Haley has delivered this message in public and private a lot in her first year on the job. She pulled the plug on U.S. participation in U.N. Educational, Scientific and Cultural Organization after it declared Hebron to be a Palestinian world historic site with no mention of the deep Jewish historical connection to that city. She has sought ways to cut the fat from the U.N. peace-keeping budget, and has used the monthly U.N. Security Council meeting to deal with the Middle East to call attention to Iranian aggression.
Under the Obama-Carter theory, Haley’s approach would lead to America’s isolation at the U.N. But so far this has not been the case.
That’s because the UN self-evidently does need the US more than the US needs the UN — and it ought to give Americans a swelling sense of pride to have a UN ambassador who understands this and acts accordingly.
UPDATE: I should have added that the UN member states have always understood this, but have counted on the US pretending not to understand it.
VIRGINIA POSTREL: There’s More Than One Kind of Workplace Civility: The sexual harassment scandal is changing social norms. Let the new ones respect human variety.
In a provocative essay in the Chronicle of Higher Education, evolutionary psychologist Geoffrey Miller argues that campus speech codes penalize people with Asperger’s syndrome, who have trouble reading social cues yet are often brilliant researchers for whom the university has traditionally been a tolerant haven. “The more ‘respectful,’ campuses became to the neurotypical, the more alienating they became to the neurodivergent,” Miller writes. . . .
Even neurotypical people can, of course, inadvertently be caught by rules against such vague and arbitrary offenses as “unwelcome jokes about a protected characteristic,” to take an example from the University of New Mexico, where Miller works. Disparate impact isn’t the only factor that makes speech codes a bad idea.
But Miller is making a deeper point about norms and exclusion. Strict standards inevitably shut out potentially valuable deviants. “Eccentricity is a precious resource, easily wasted,” he writes. . . .
The norms appropriate to a research university devoted to advancing knowledge aren’t necessarily the same as those for a teaching college nurturing undergraduates.

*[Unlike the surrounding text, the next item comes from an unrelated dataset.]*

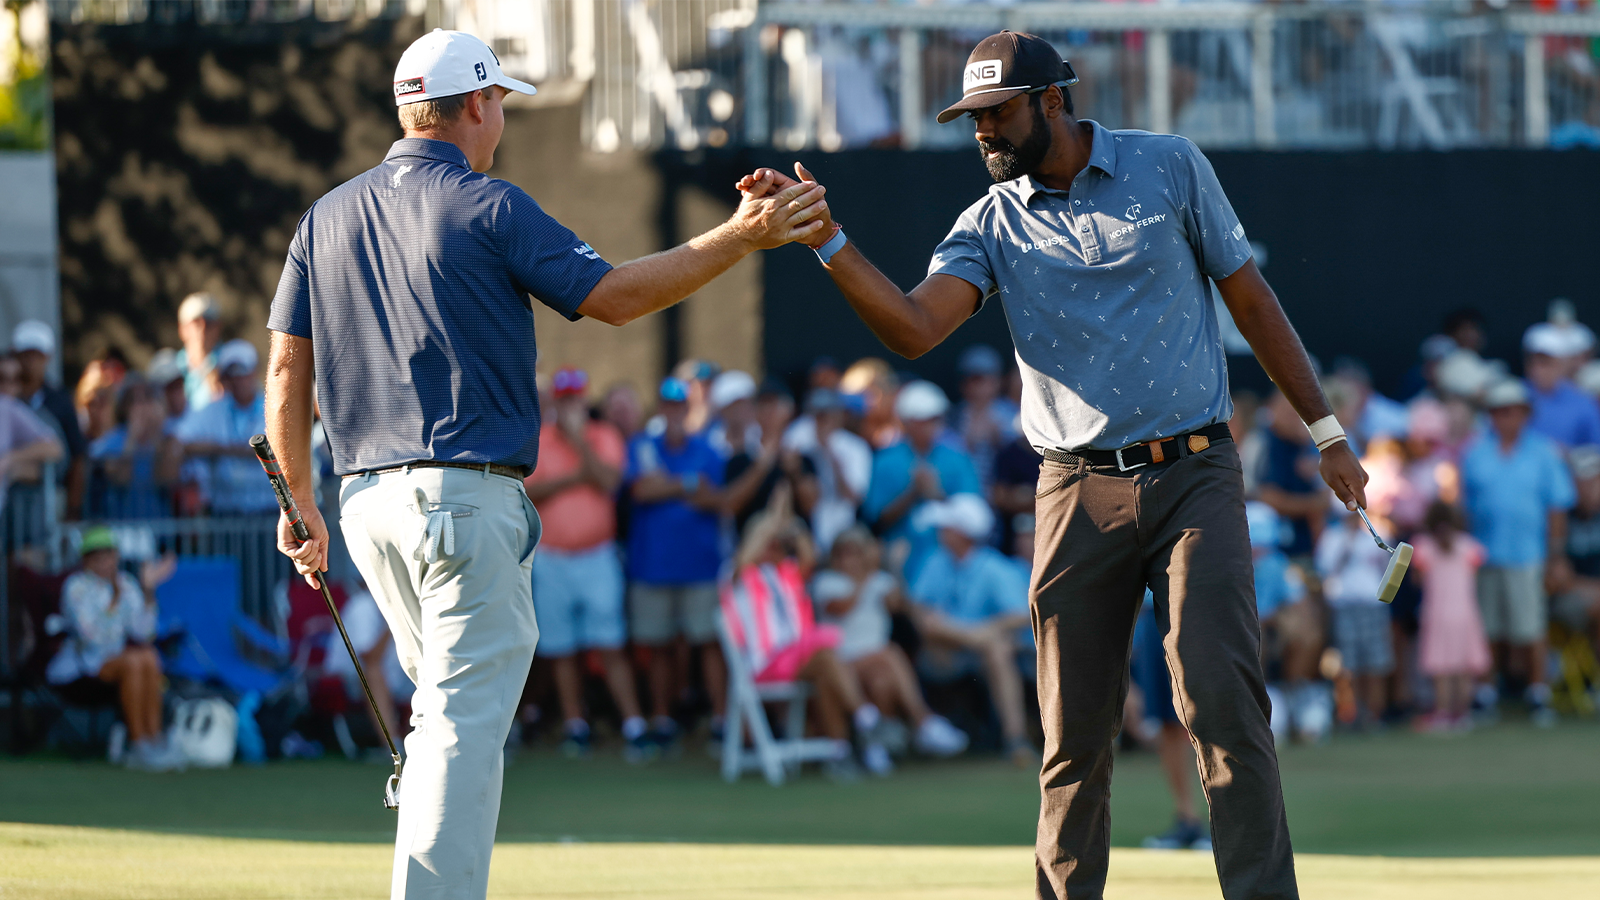 Sahith Theegala celebrates with Tom Hoge of the United States after putting the winning birdie on the eighteenth green during the final round of the QBE Shootout at Tiburon Golf Club on December 11, 2022 in Naples, Florida. (Photo by Douglas P. DeFelice/Getty Images)

We shouldn’t demand that cutting-edge researchers all be socially adept, but maybe we should keep some of them away from 20-year-old students. Not every workplace needs to welcome pets or expect after-hours socializing, but that doesn’t mean none should — even if the dog haters and teetotalers feel left out.
We don’t demand propriety in a stand-up comedian. But we do expect it in a judge.
Actually, nowadays we do demand it in comedians. And the rules change constantly, and are applied retrospectively. Because fairness!